### What is required
Nothing in the data should change when you return it, but leave the pictures out.

### Given information

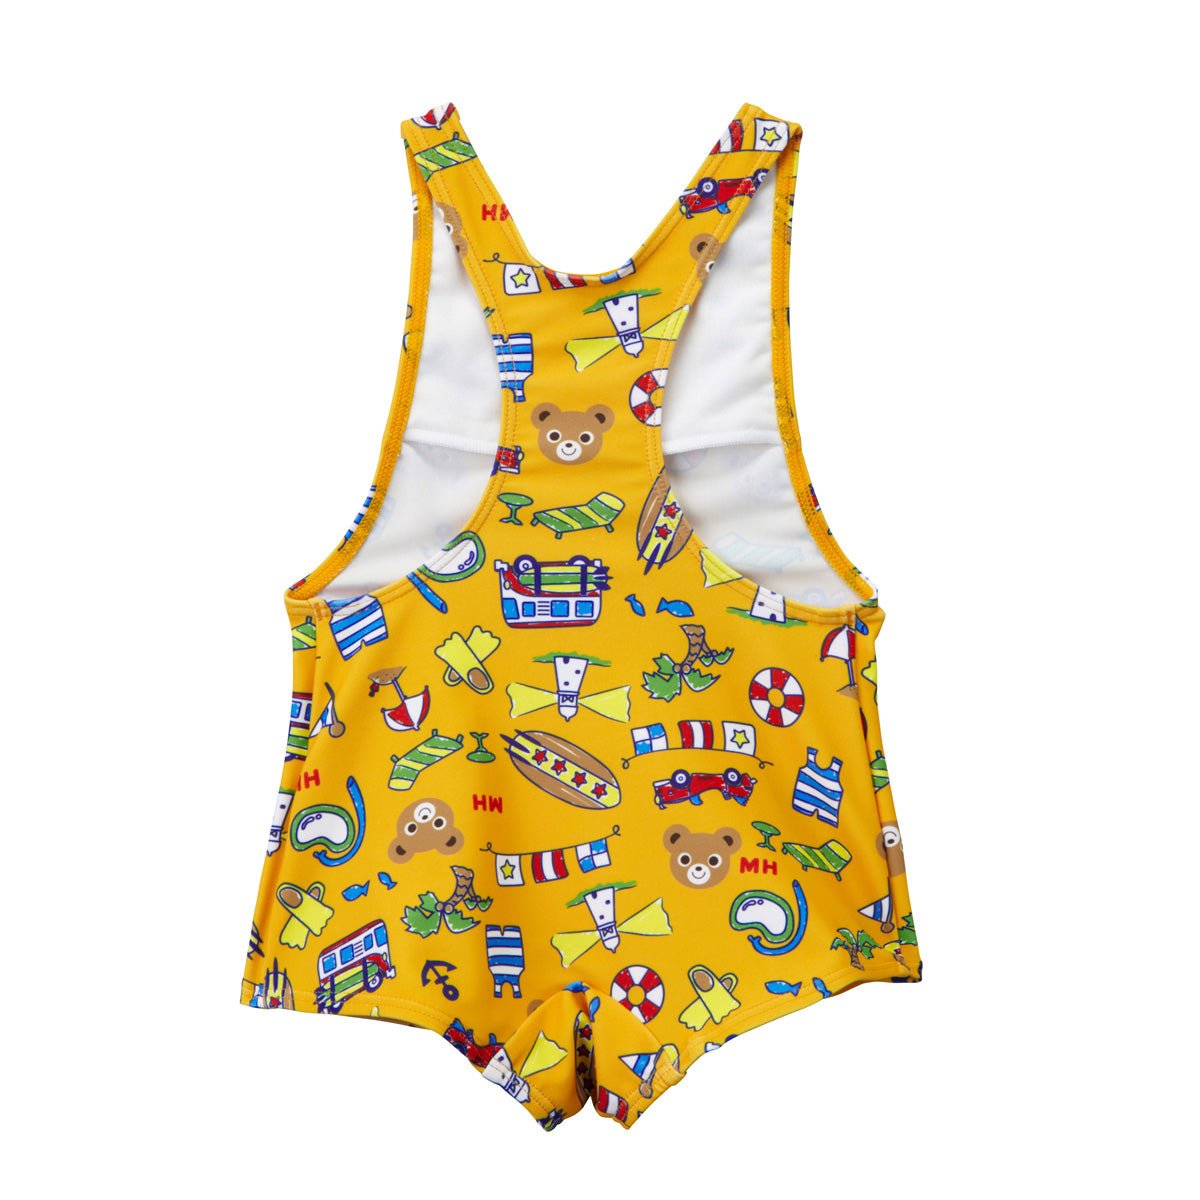 Boy’s One-piece Swimsuit (UV Protection) - 12-7101-617-04-80
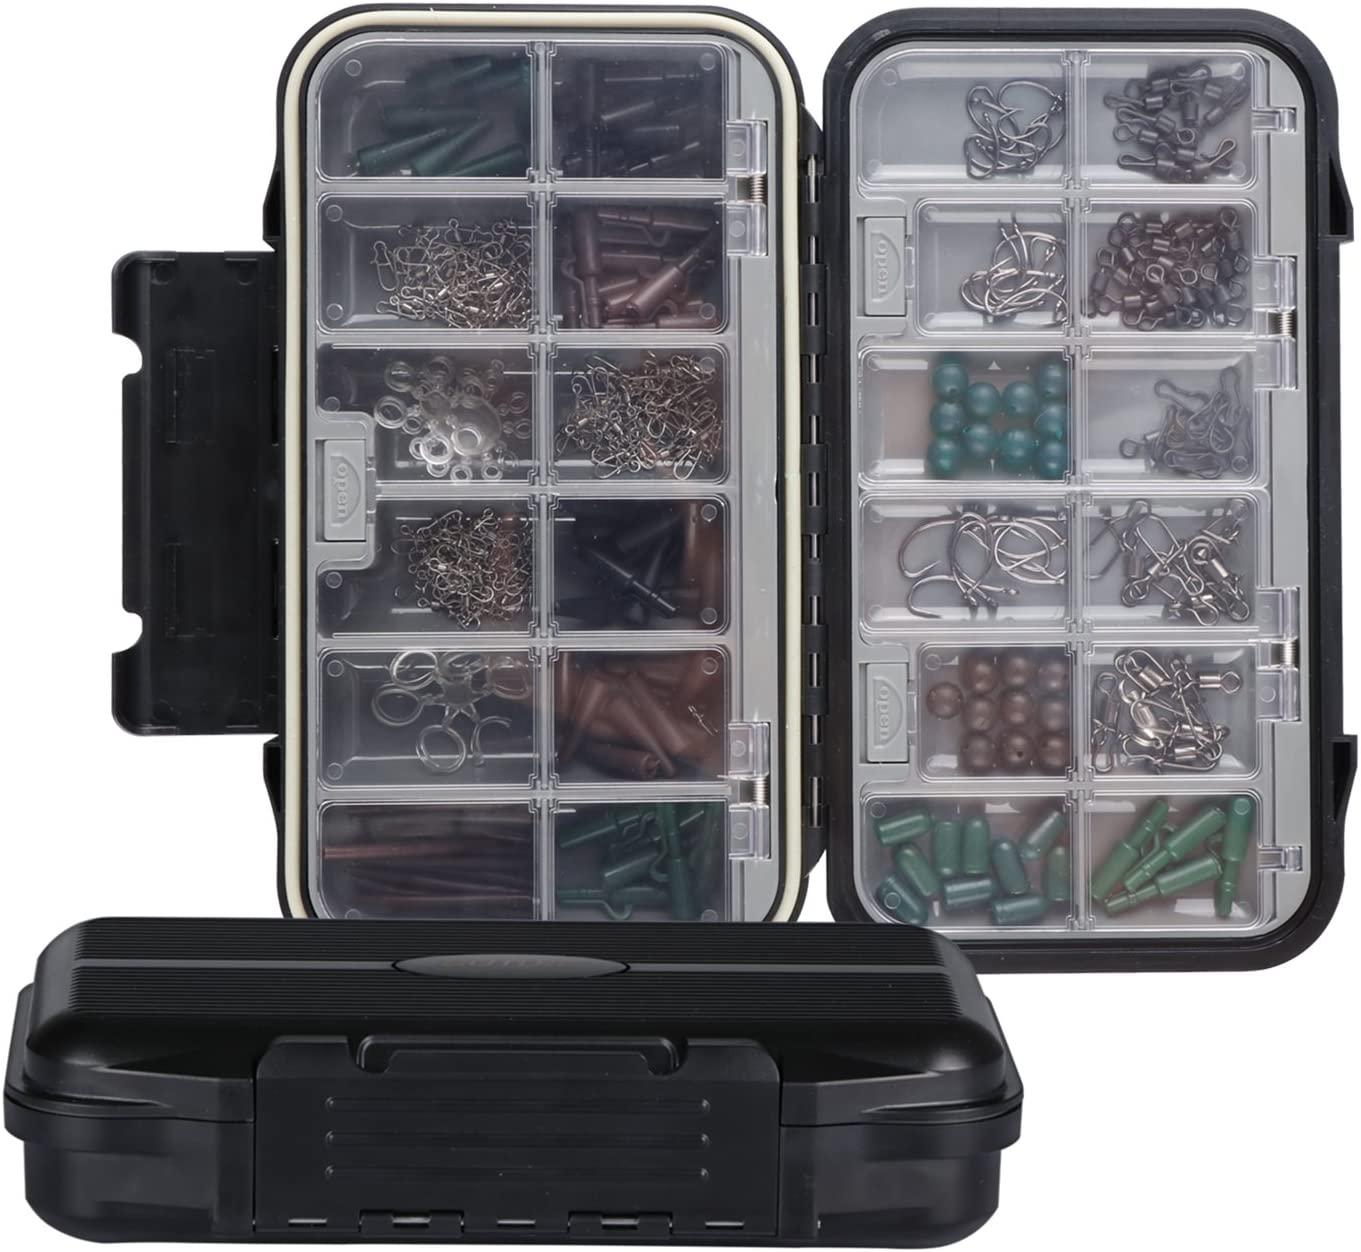  Goture Fishing Tackle Box Waterproof Tackle Box Spoon Hooks  Baits Storage Boxes with Adjustable Dividers, Plastic Tackle Box for  Casting Fishing Fly Fishing, Large/Medium/Small Organizer Fishing Box :  Sports & Outdoors
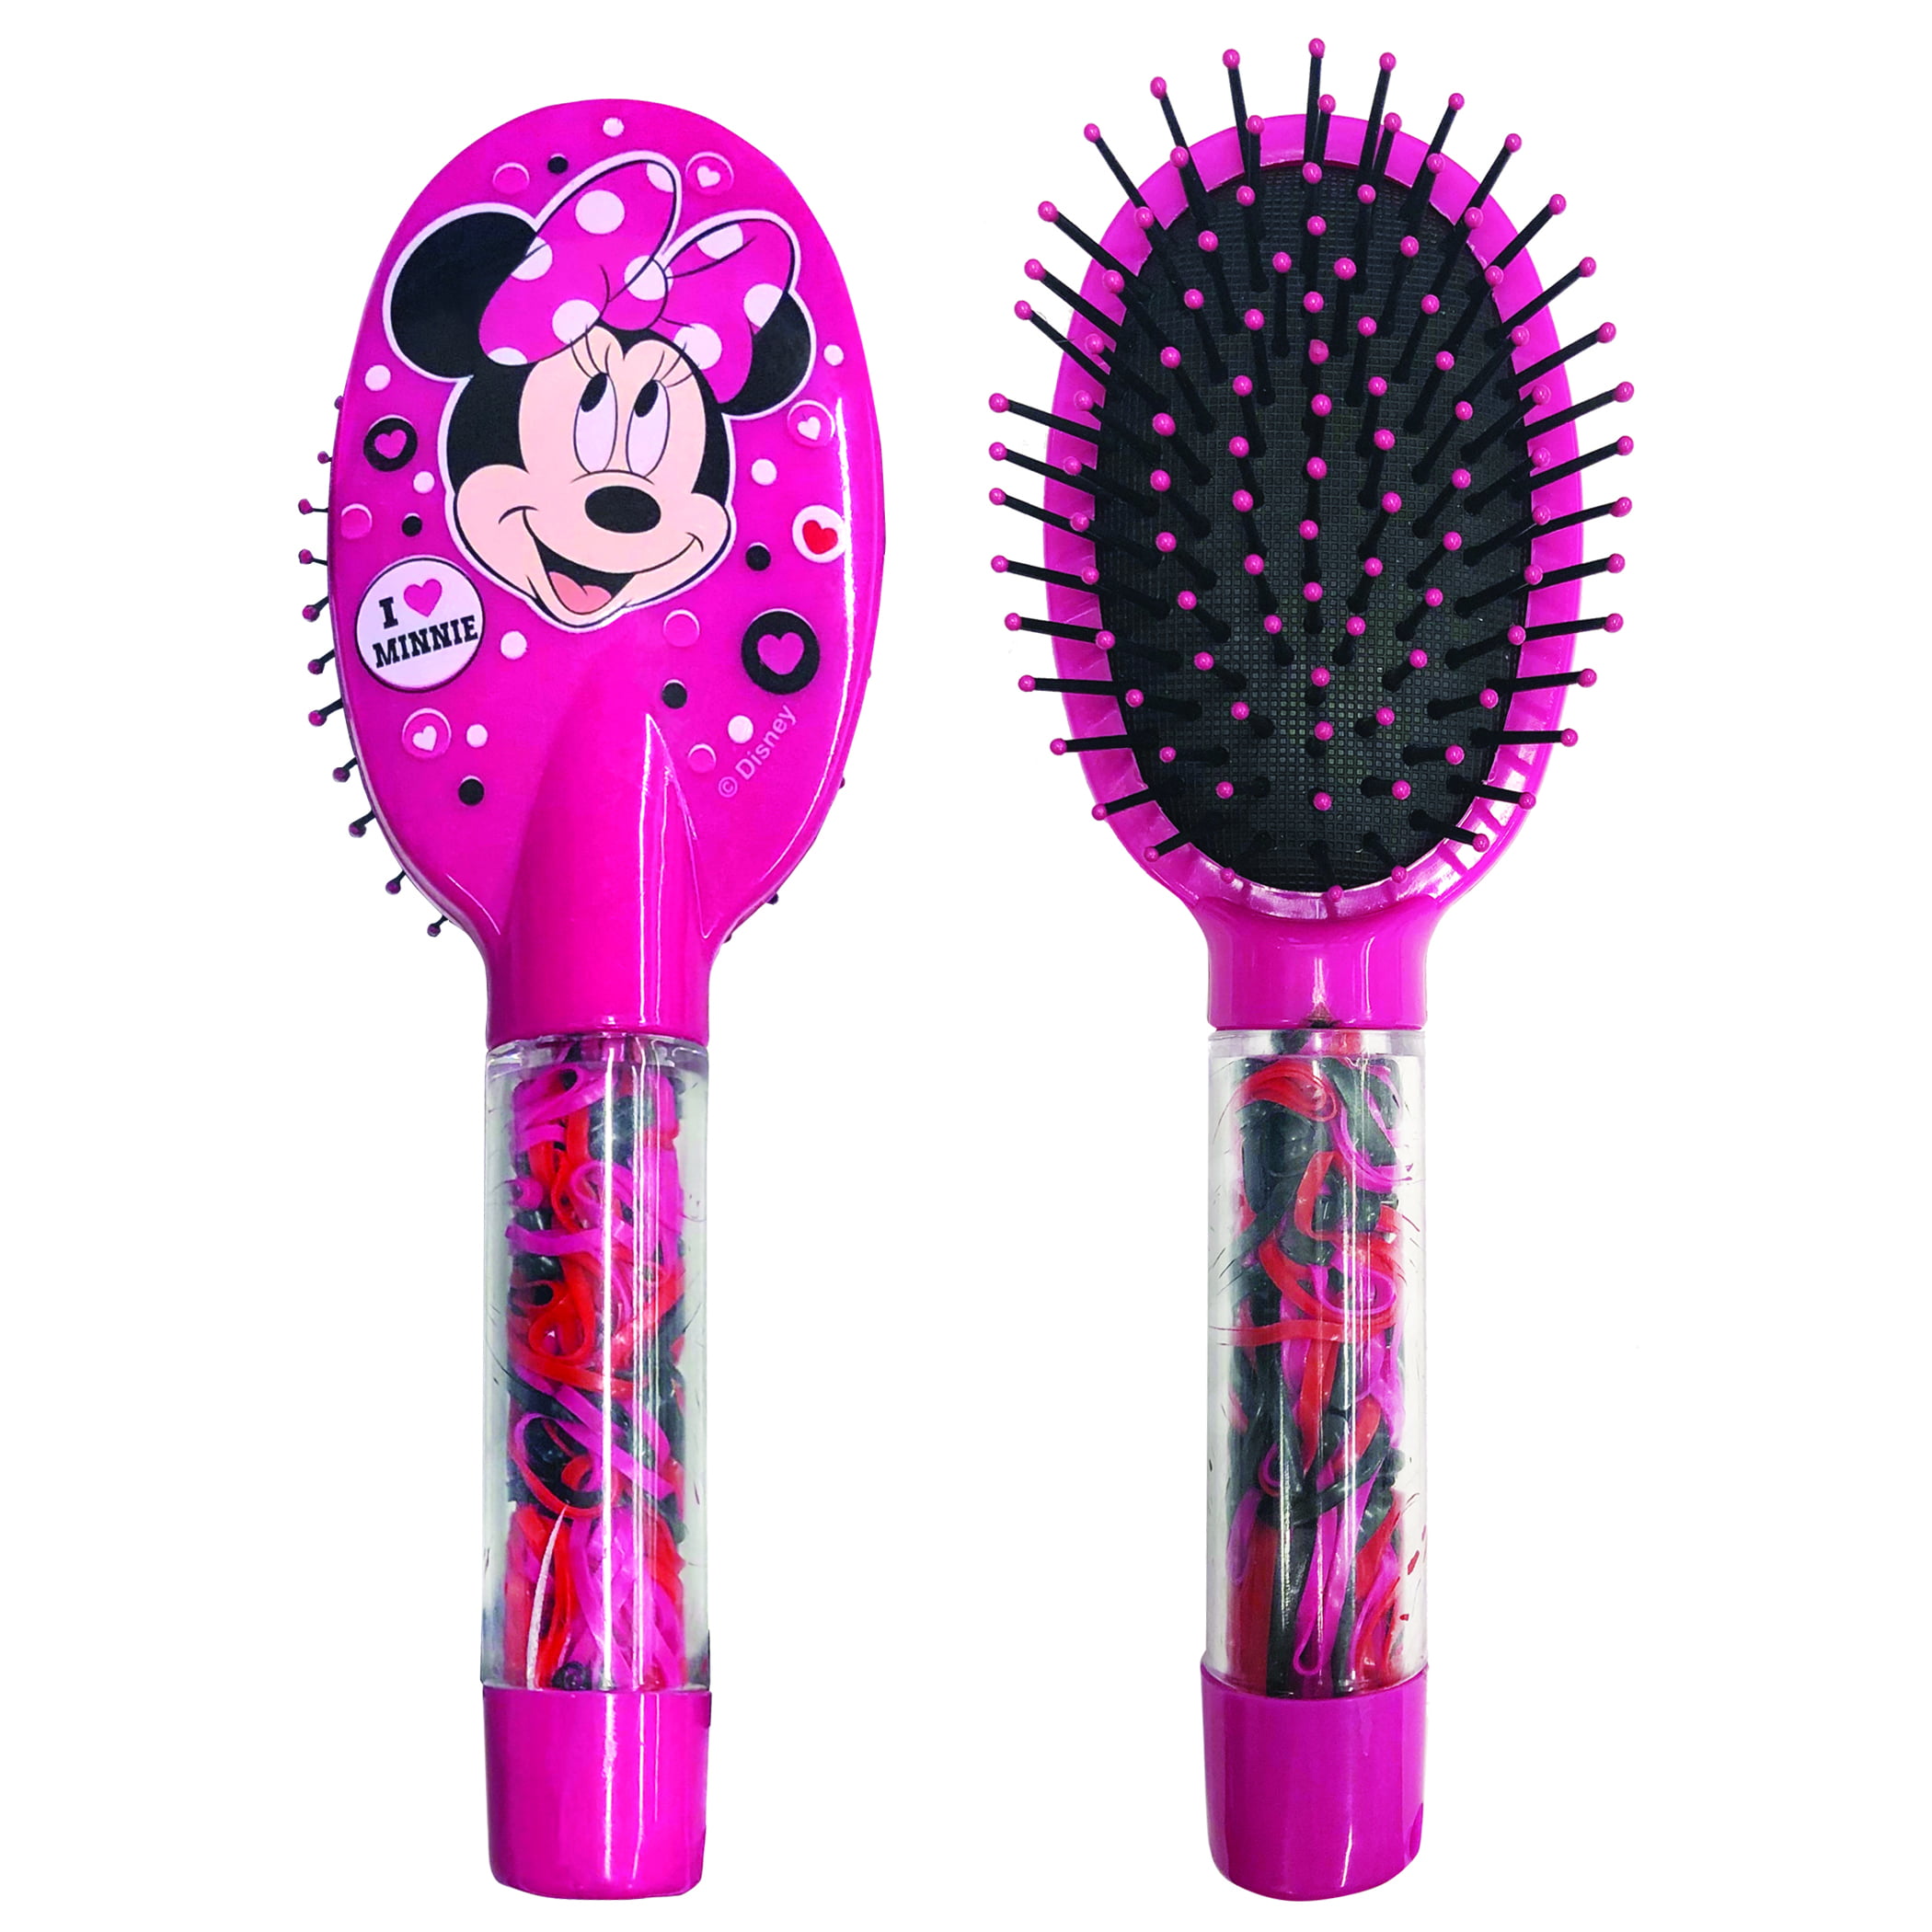 Disney's Minnie Mouse Hair Brush with Elastics, Pink

### Answer area
 Boy’s One-piece Swimsuit (UV Protection) - 12-7101-617-04-80
  Goture Fishing Tackle Box Waterproof Tackle Box Spoon Hooks  Baits Storage Boxes with Adjustable Dividers, Plastic Tackle Box for  Casting Fishing Fly Fishing, Large/Medium/Small Organizer Fishing Box :  Sports & Outdoors
 Disney's Minnie Mouse Hair Brush with Elastics, Pink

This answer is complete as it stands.